ISSN (Print): 1871-5265
ISSN (Online): 2212-3989

Review Article

Liver Injury in COVID-19: A Direct Hit or Collateral Damage?

Author(s): Balasubramaniyan Vairappan*, Gavin Wright, Douglas Corrigal and Ravikumar TS

Volume 22, Issue 1, 2022

Published on: 13 September, 2021

Article ID: e130921196417 Pages: 13

DOI: 10.2174/1871526521666210913110500

Price: $65

Abstract

SARS-CoV-2 is a novel coronavirus that has been identified, in December 2019, in Wuhan, China, and since it has become a worldwide pandemic, it has imposed far-reaching impacts on global human health and socio-economic activity. Worldwide, over 4 million Covid-19 related deaths were reported until September 2021. Recently published case studies have reported that Covid-19 patients develop different degrees of liver dysfunction. Inevitably, in hospitalized Covid-19 patients who develop acute liver derangement, there are a plethora of potential pathogenic causes such as direct-viral, immune-driven, and drug-induced and/or ischaemic liver injury. Patients with advanced chronic liver diseases (e.g., cirrhosis) and/or autoimmune liver disease have a poor immune function and associated poorer outcomes compared to other critically ill cohorts.

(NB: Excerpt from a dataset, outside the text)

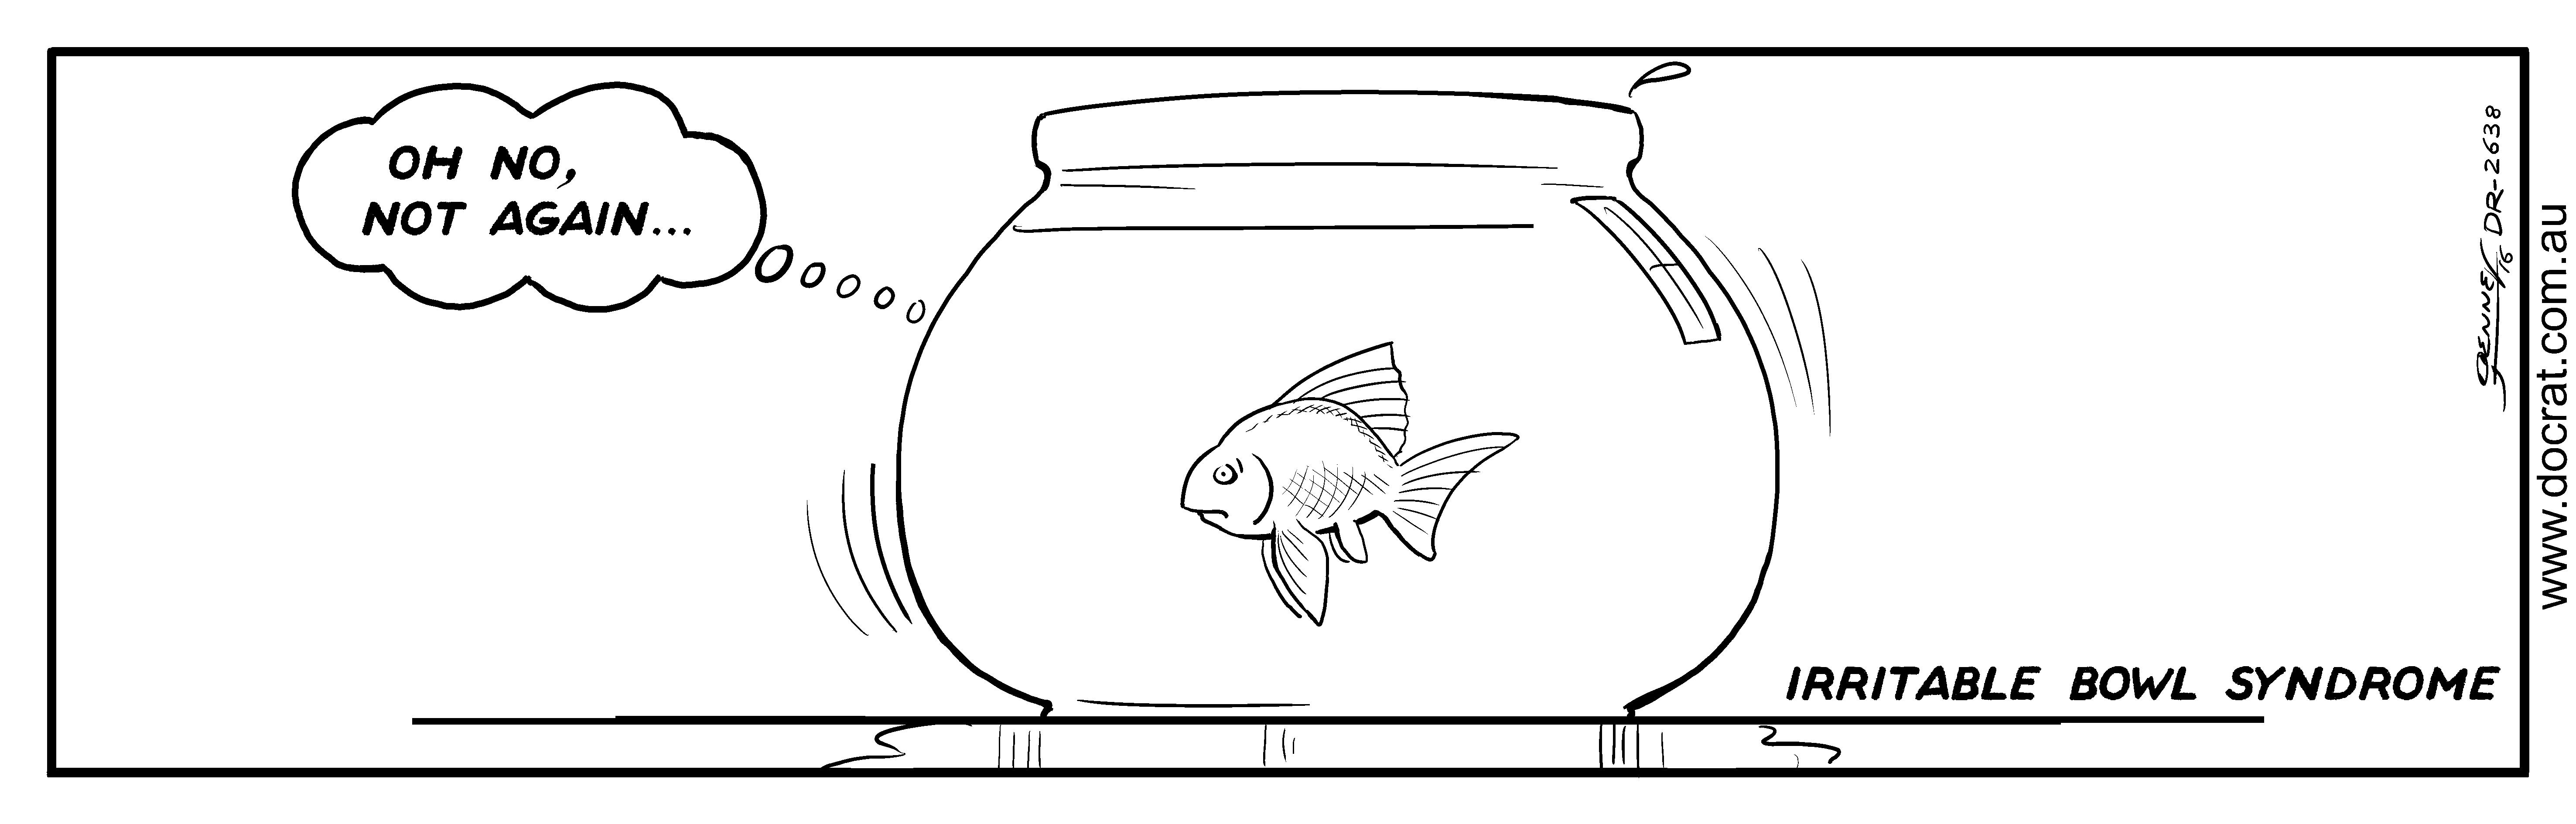 20161019

However, largely any immediate liver derangement tends to be relatively mild, and as such, any de novo liver injury may not be a significant feature of Covid-19. There is an immediate necessity, therefore, to better understand the liver-specific pathophysiology of COVID-19. This review focuses on the up-to-date information regarding Covid-19 and associated indices for liver dysfunction, possible mechanisms, and potential drug targeted therapies in Covid-19 patients with and without liver dysfunction. PubMed database was used to perform an extensive literature search using the keywords liver and SARS-CoV-2, liver and Covid-19, Covid 19 and treatment, etc.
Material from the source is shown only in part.